--- Available records ---
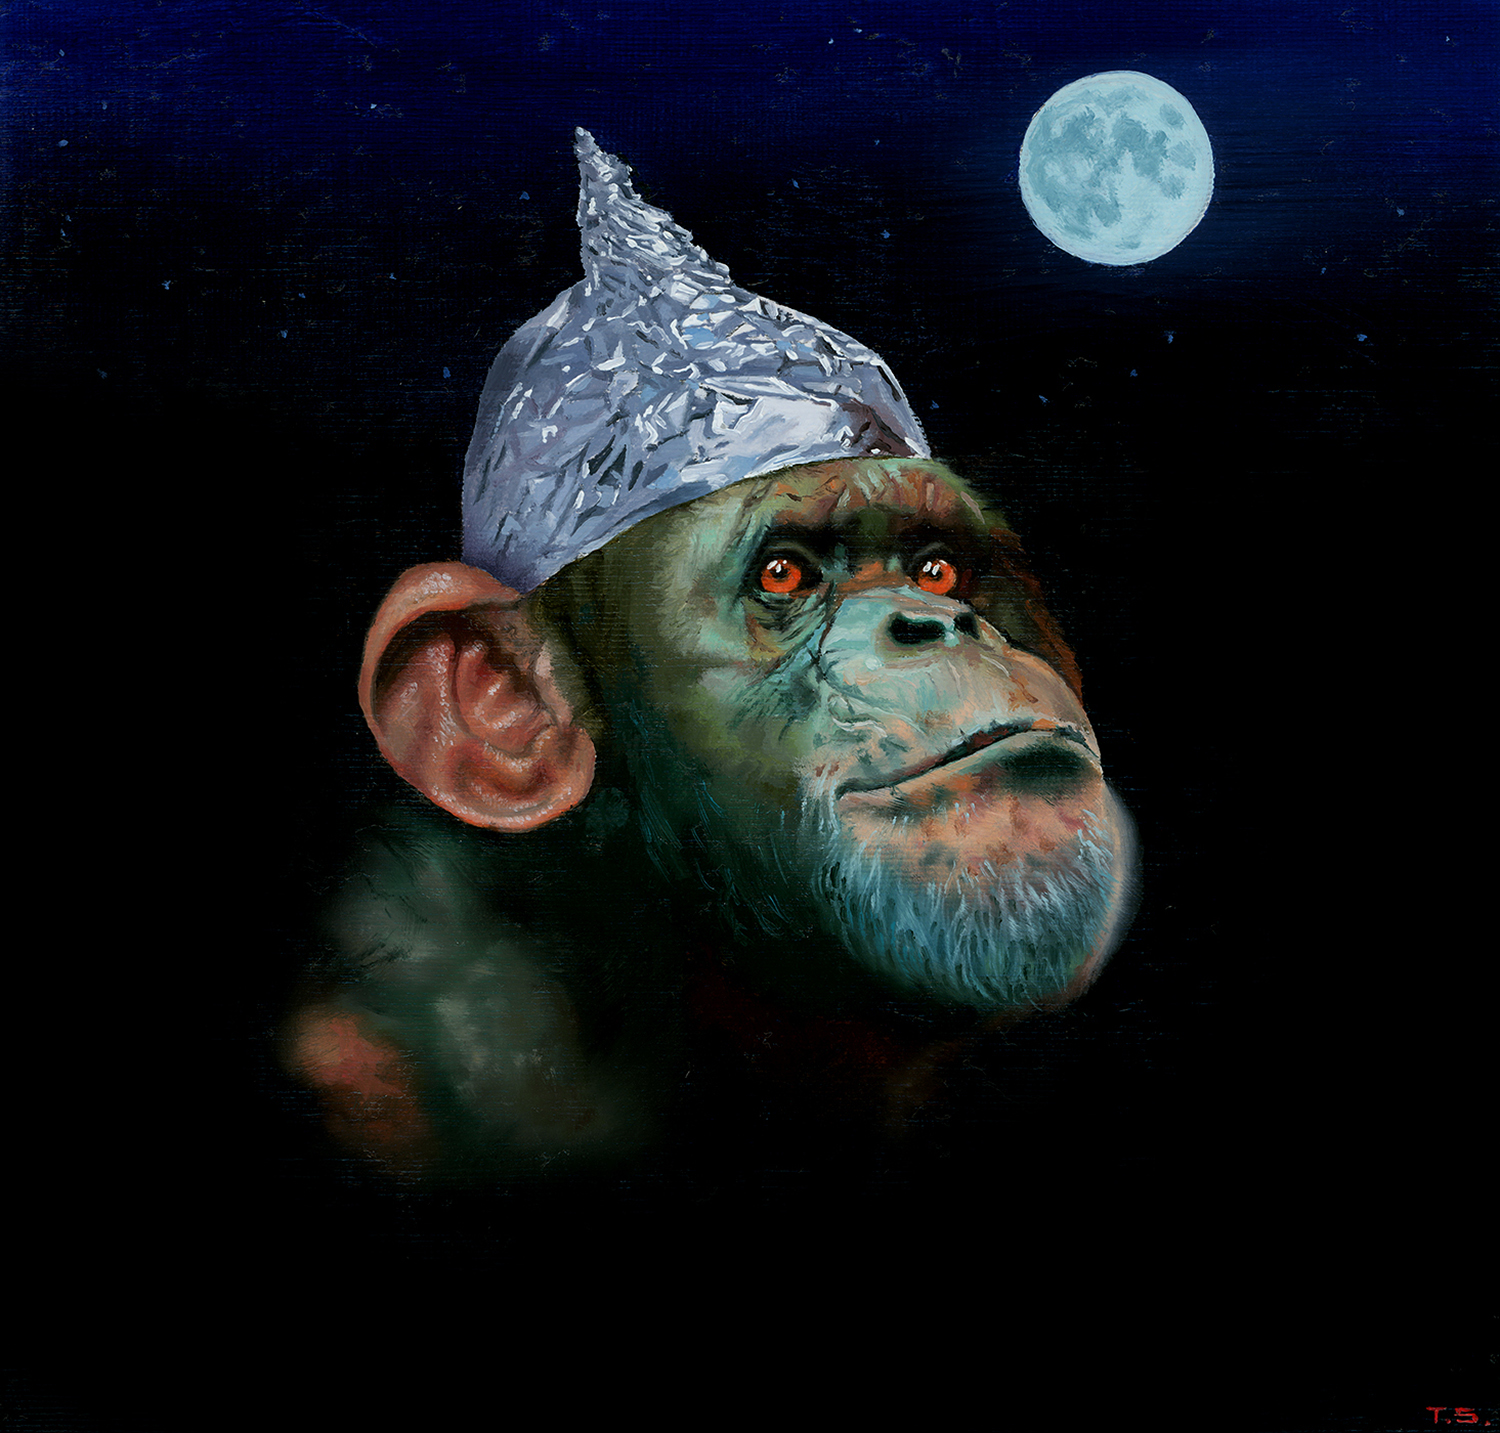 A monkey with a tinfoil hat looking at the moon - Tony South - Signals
---
--- Available records ---
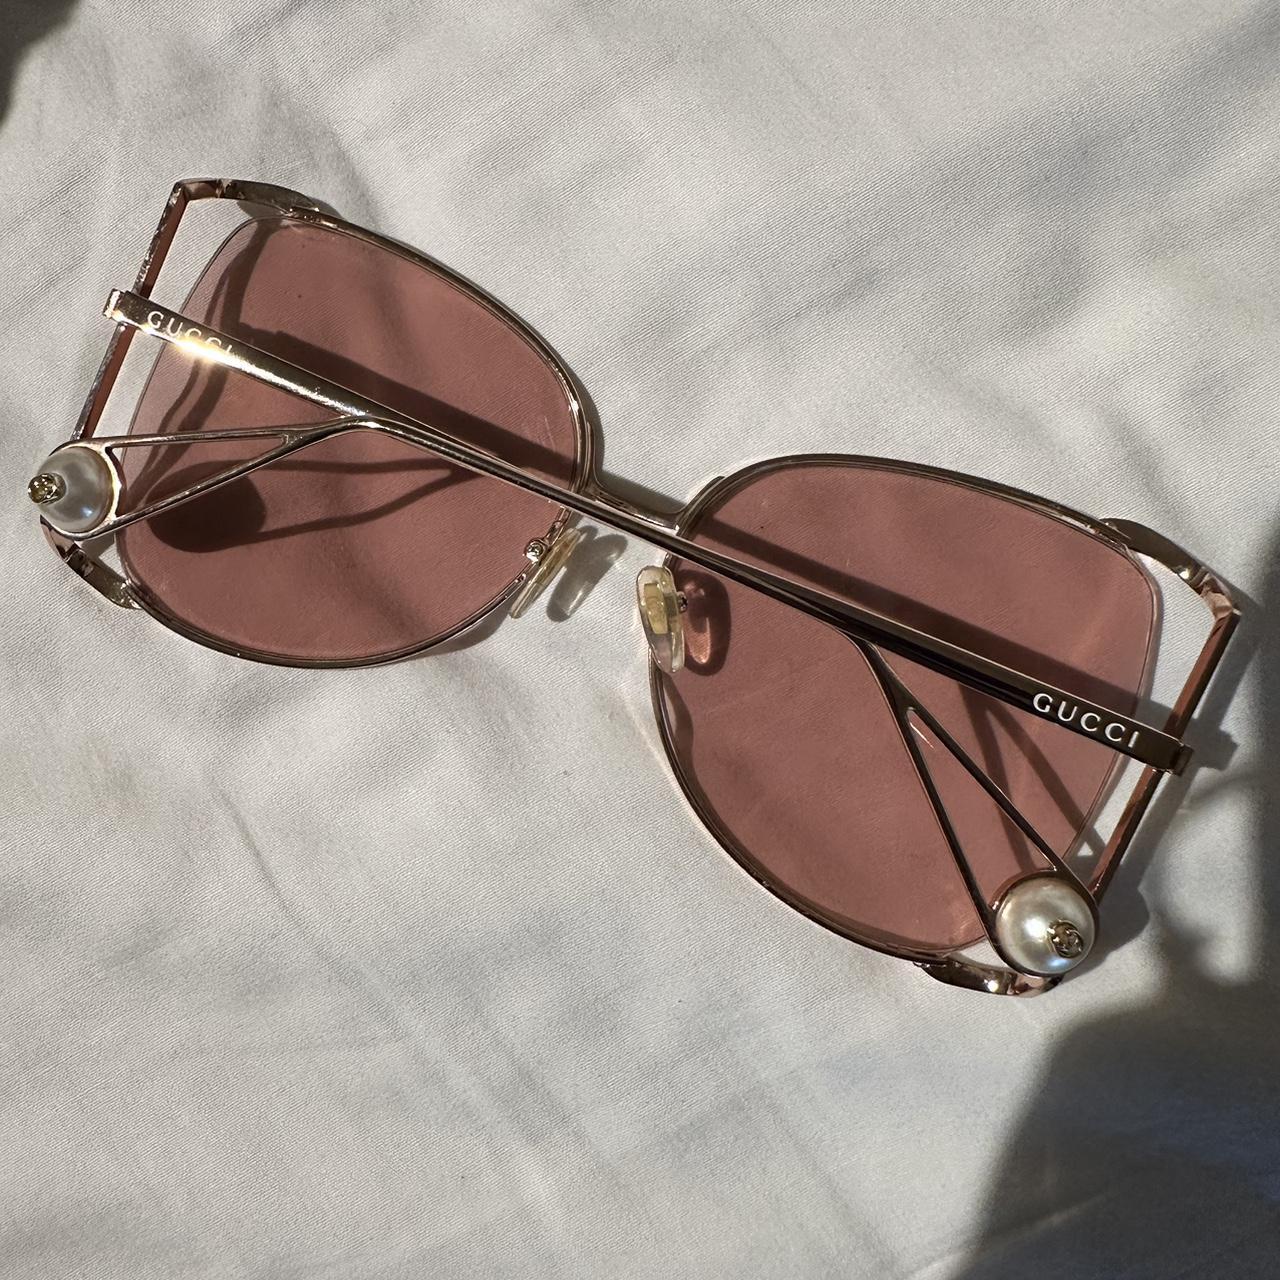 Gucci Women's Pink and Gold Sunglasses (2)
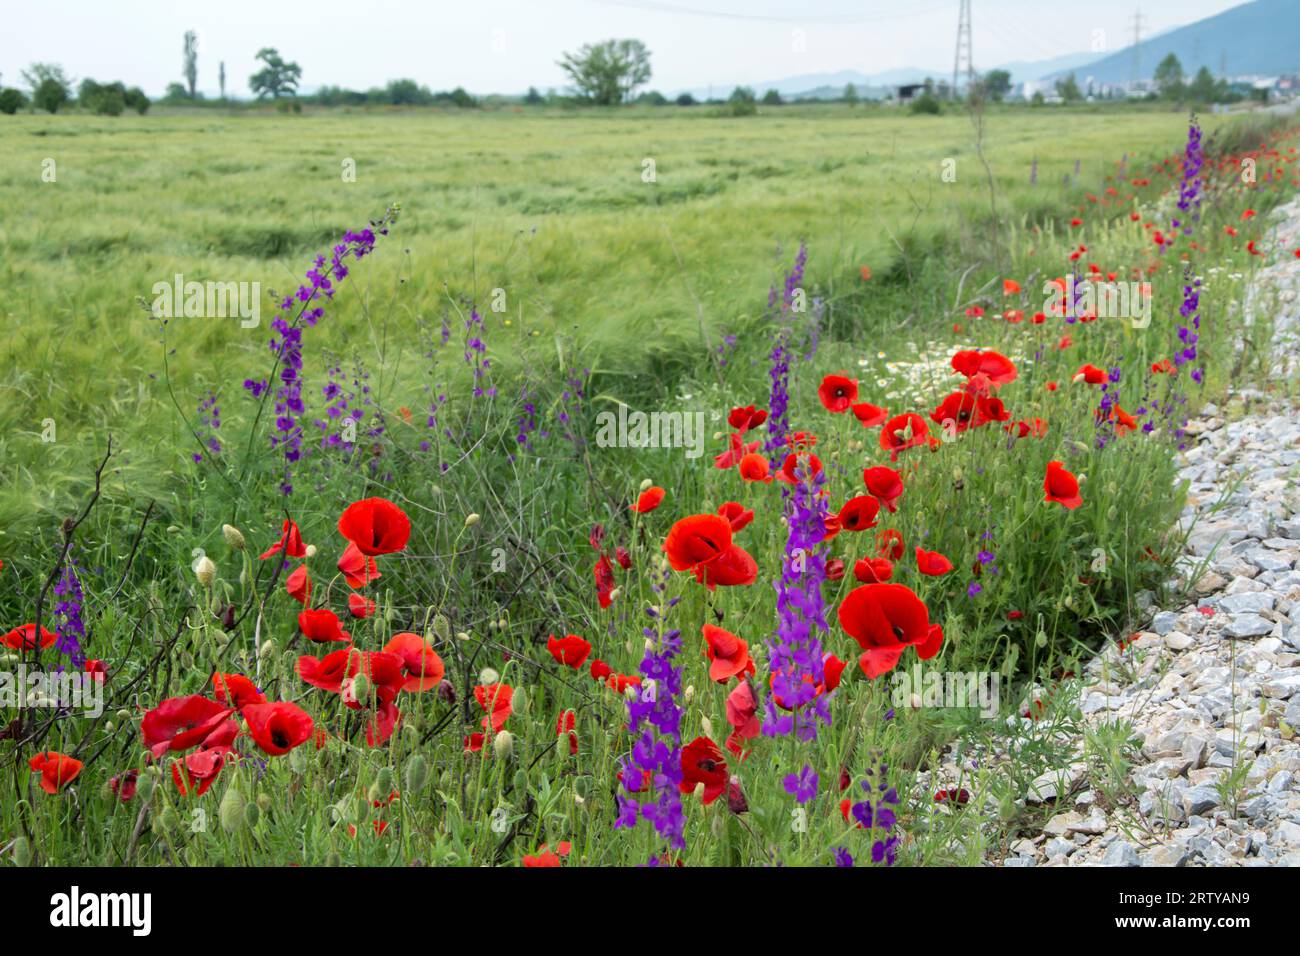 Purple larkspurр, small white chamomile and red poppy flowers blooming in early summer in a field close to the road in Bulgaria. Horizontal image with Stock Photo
---
--- Available records ---
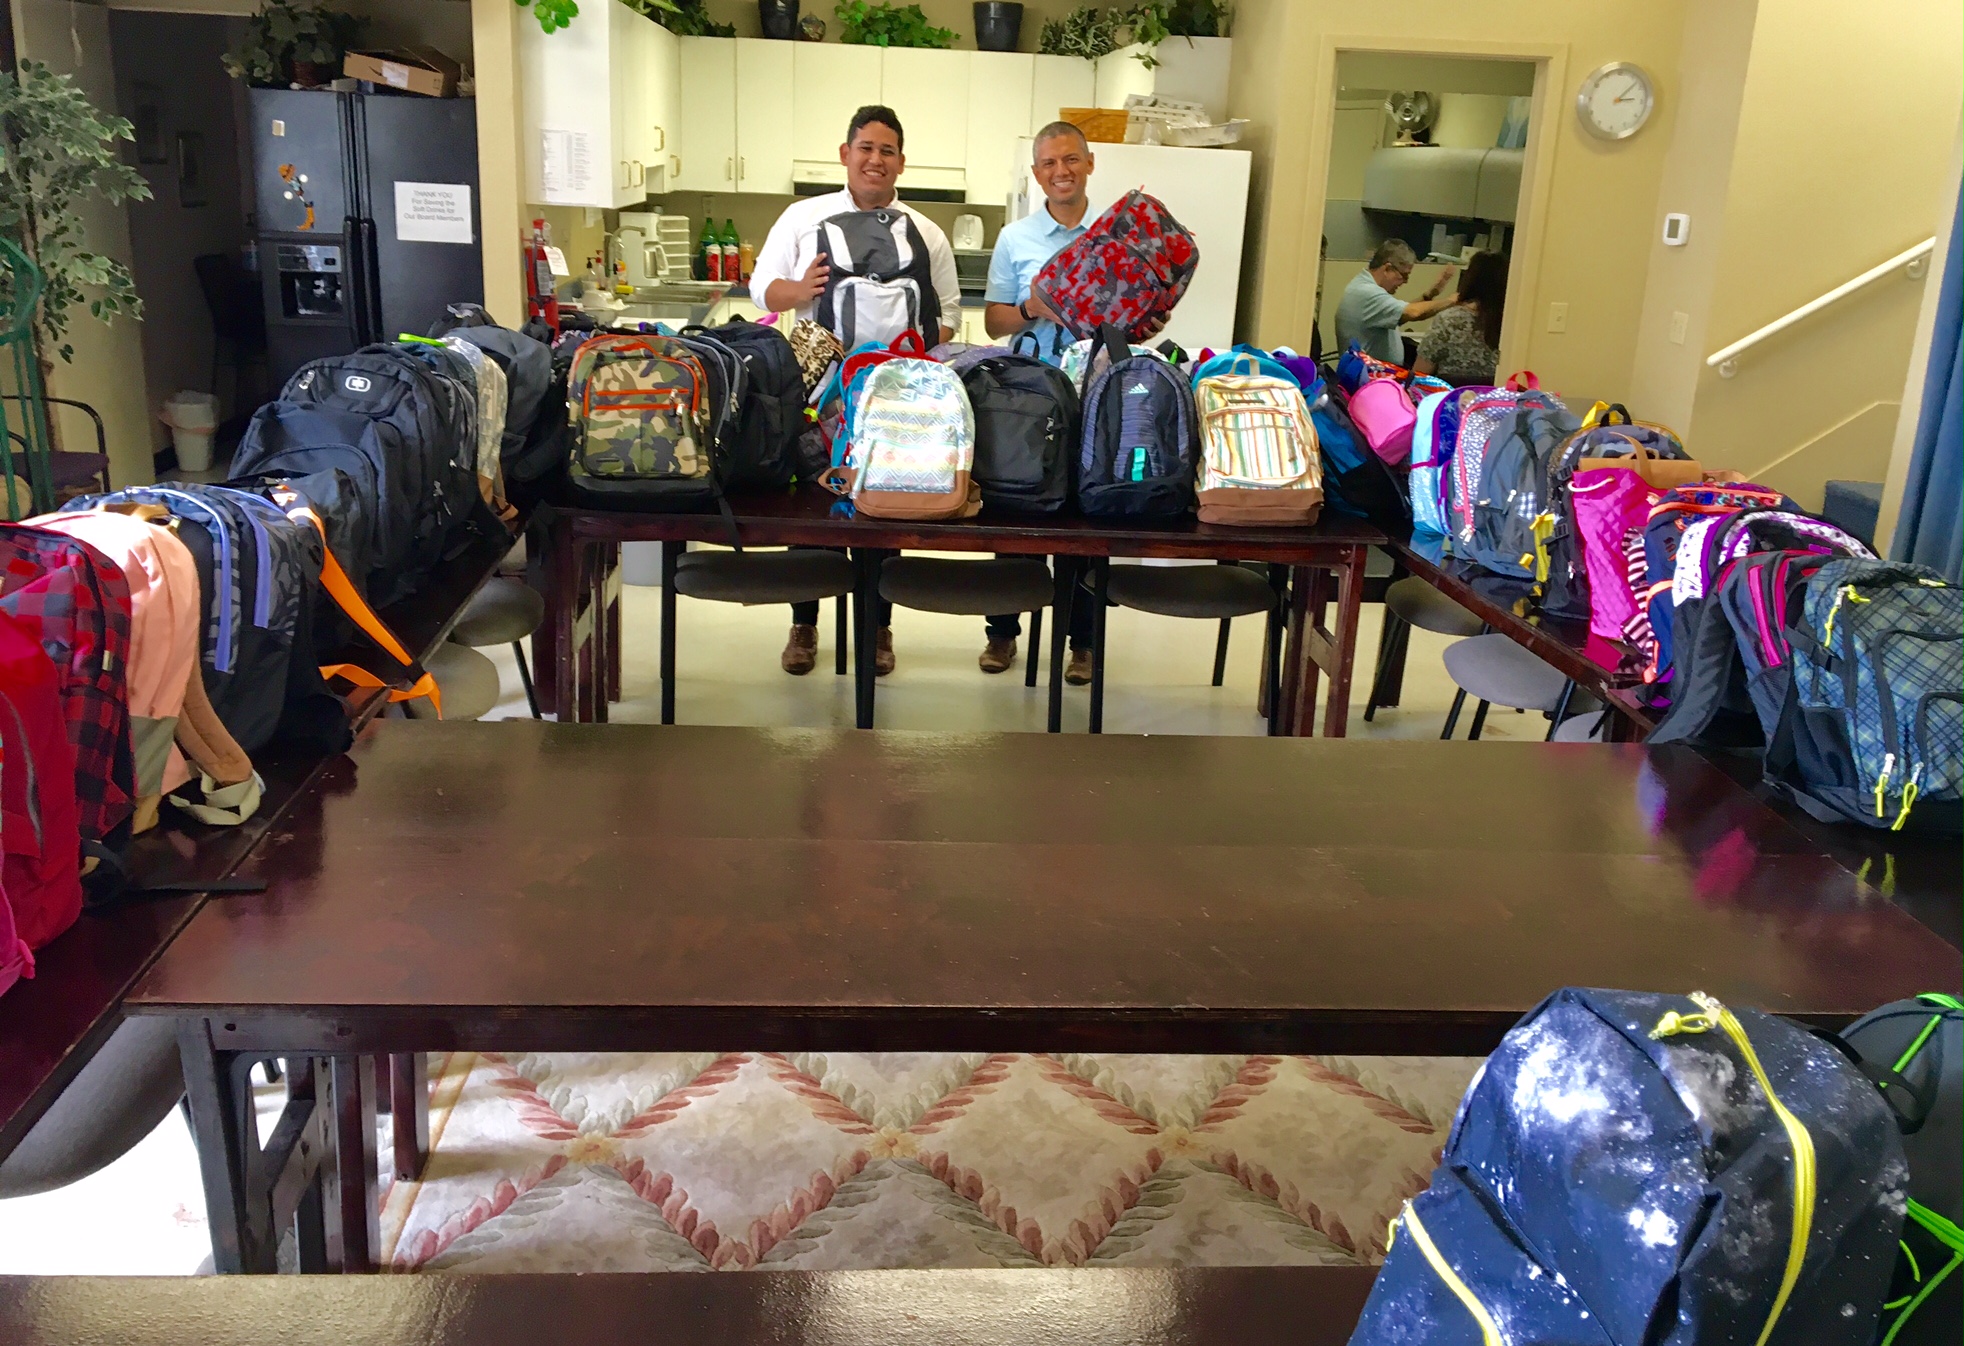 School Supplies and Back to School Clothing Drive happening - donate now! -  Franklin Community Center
---
- [Task prompt]: Each line from the one that contains "Gucci Women's Pink and Gold Sunglasses (2)" down to the one that contains "Purple larkspurр, small" is to be returned exactly as it stands above, both ends included, with pictures removed.

- [Task solution]:
 Gucci Women's Pink and Gold Sunglasses (2)
 Purple larkspurр, small white chamomile and red poppy flowers blooming in early summer in a field close to the road in Bulgaria. Horizontal image with Stock Photo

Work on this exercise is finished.